++++ DATA ++++
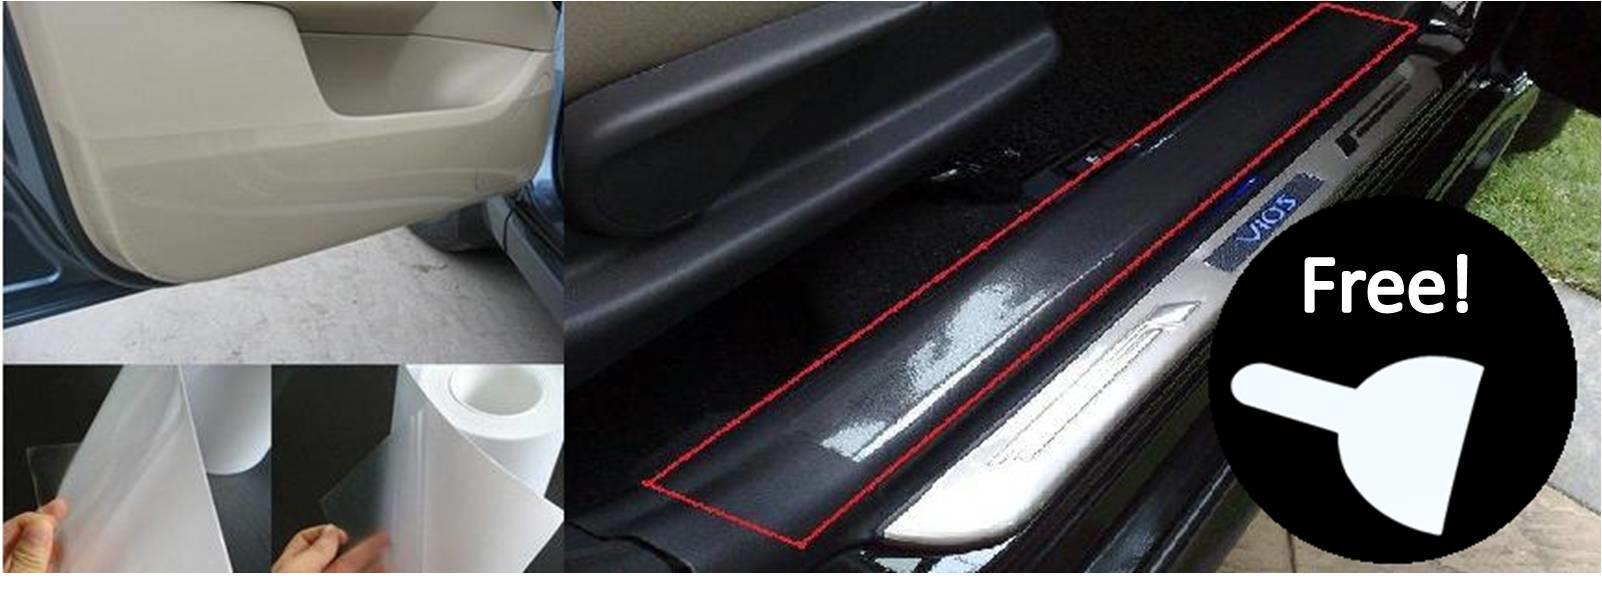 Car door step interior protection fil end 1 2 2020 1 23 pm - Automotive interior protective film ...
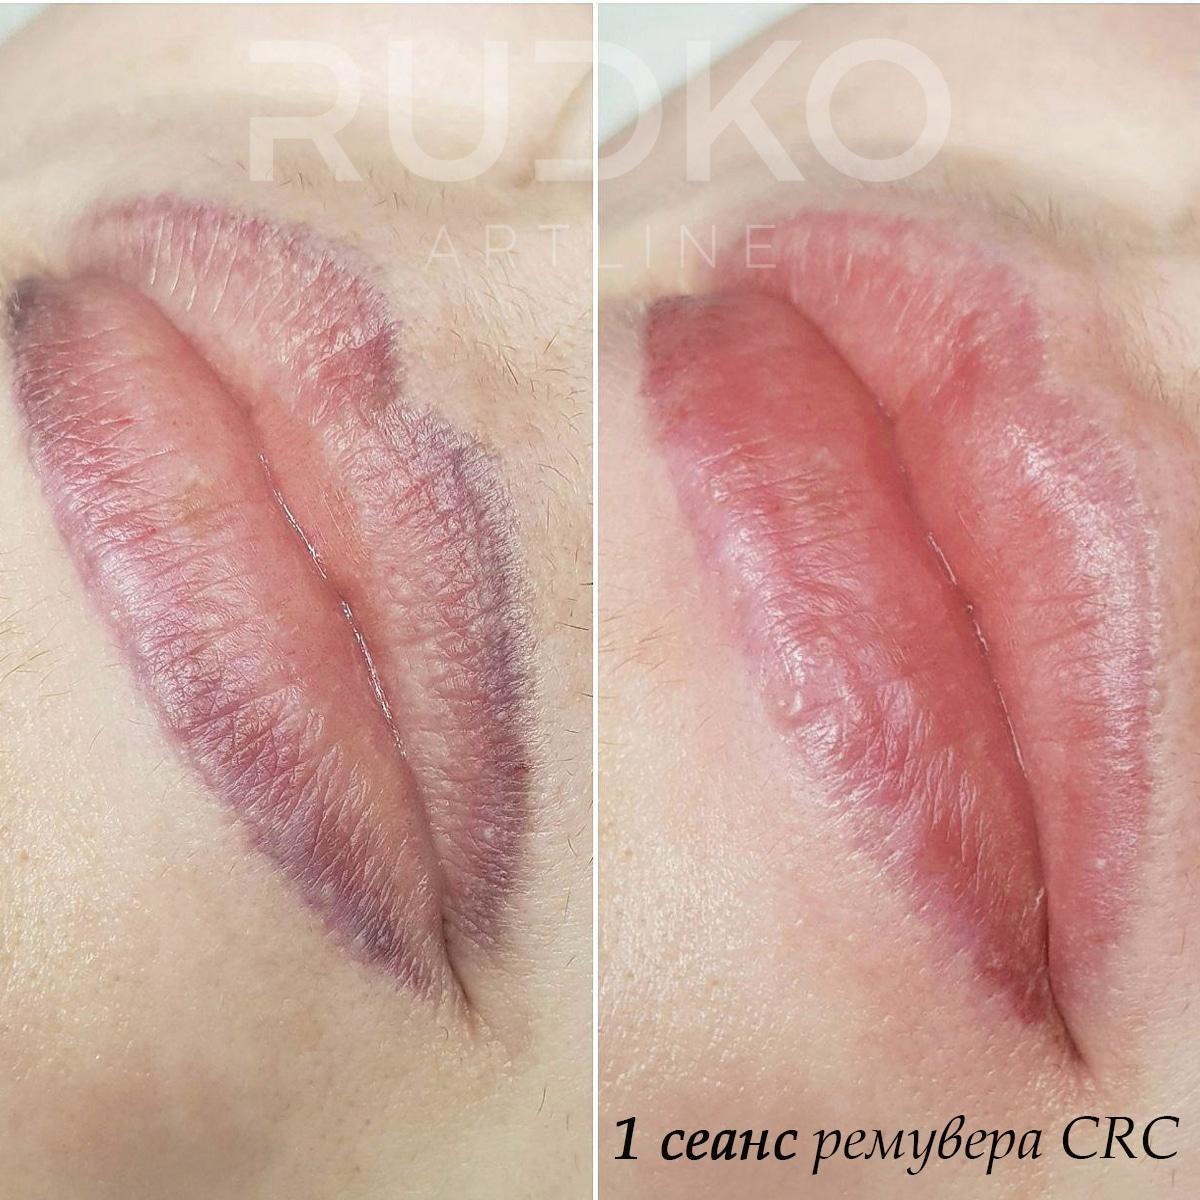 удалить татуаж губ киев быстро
++++
++++ DATA ++++
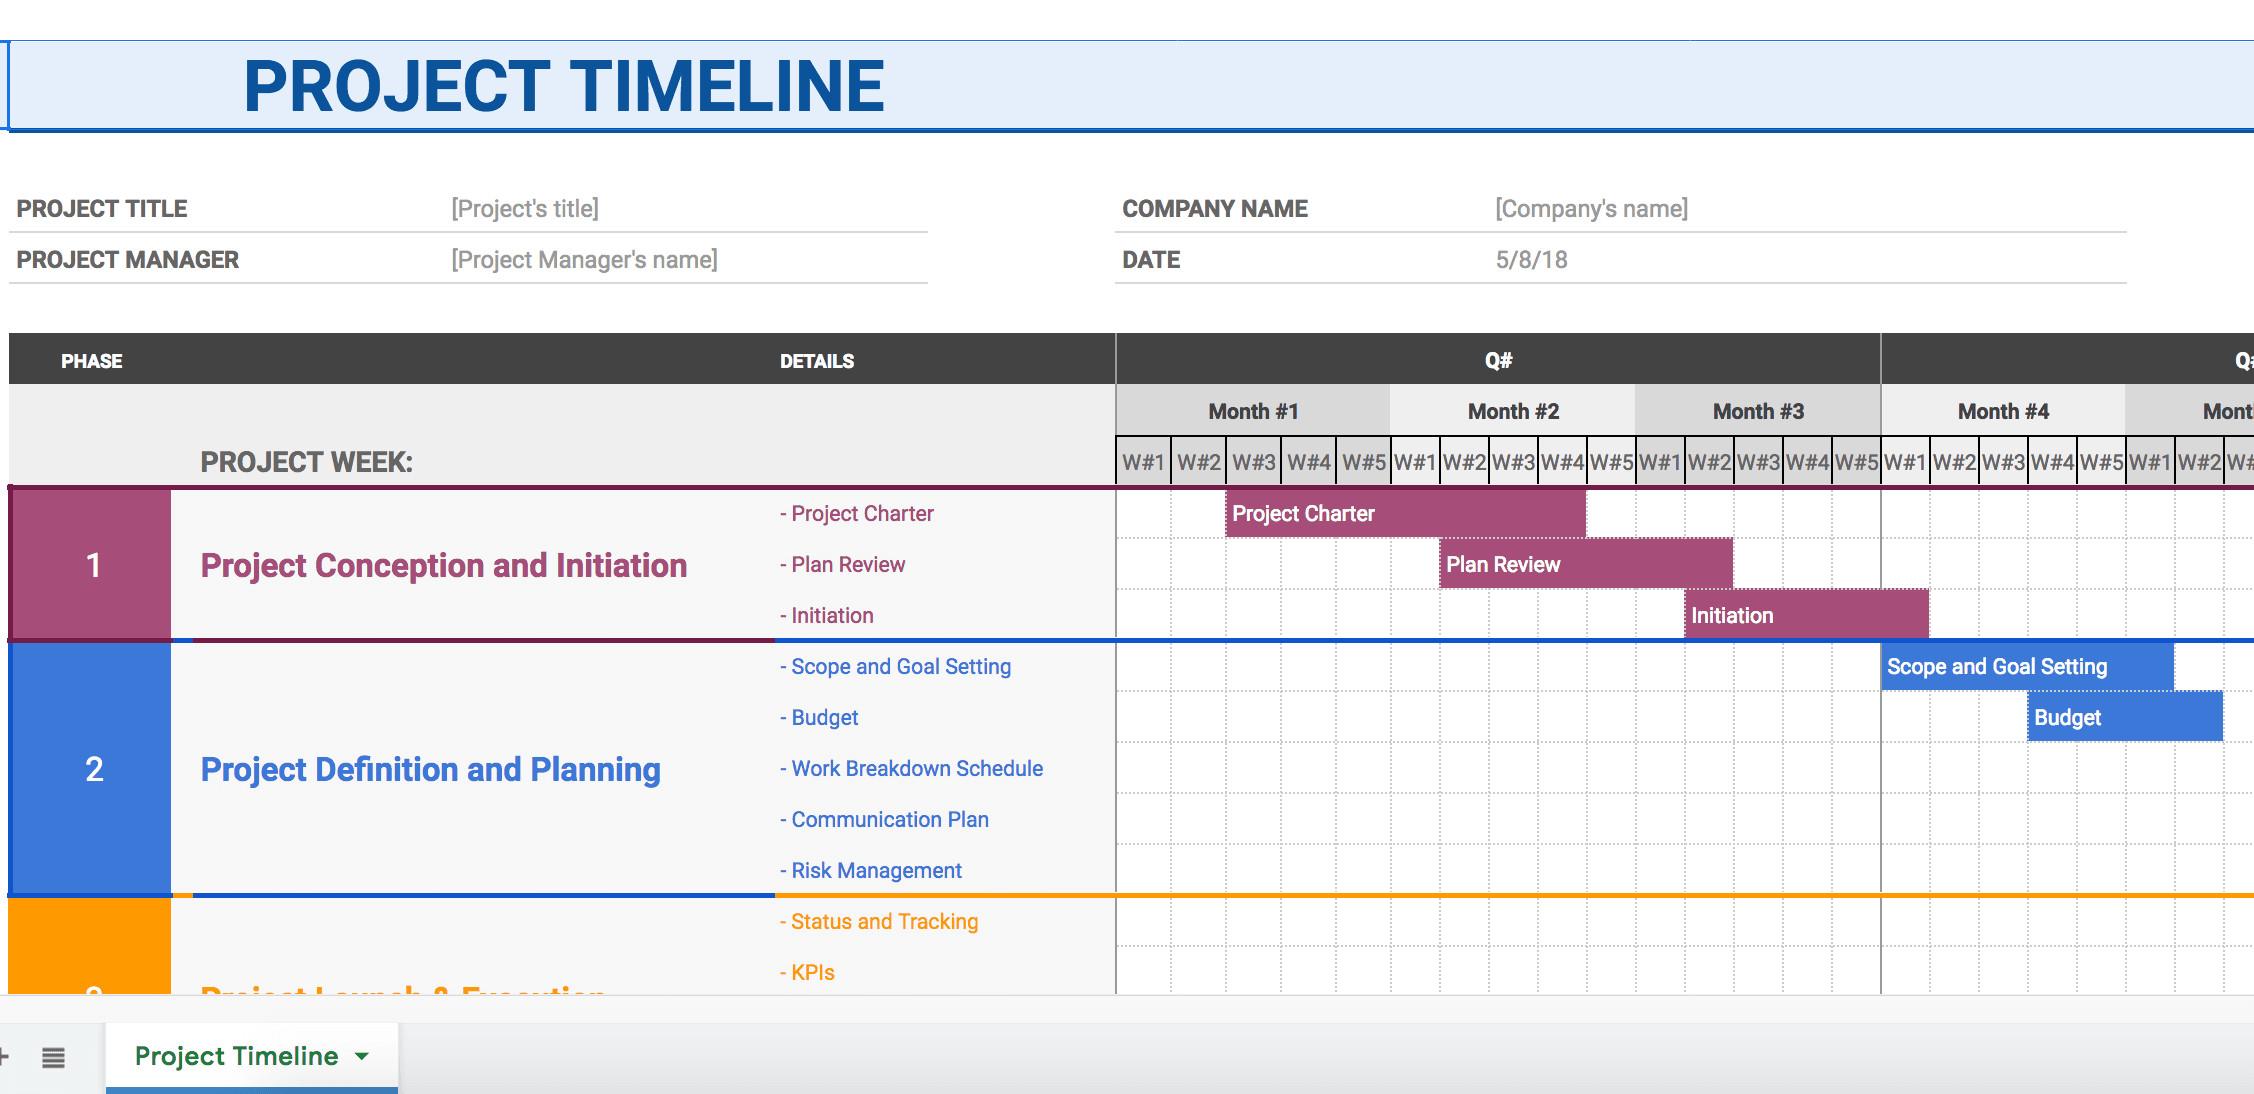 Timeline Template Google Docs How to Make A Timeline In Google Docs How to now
++++
• [INSTRUCTIONS TO FOLLOW]:
From the listing above, restate verbatim the lines running from the one with "Car door step" through the one with "удалить татуаж губ киев быстро", inclusive, but not the pictures.

• [EXERCISE RESPONSE]:
 Car door step interior protection fil end 1 2 2020 1 23 pm - Automotive interior protective film ...
 удалить татуаж губ киев быстро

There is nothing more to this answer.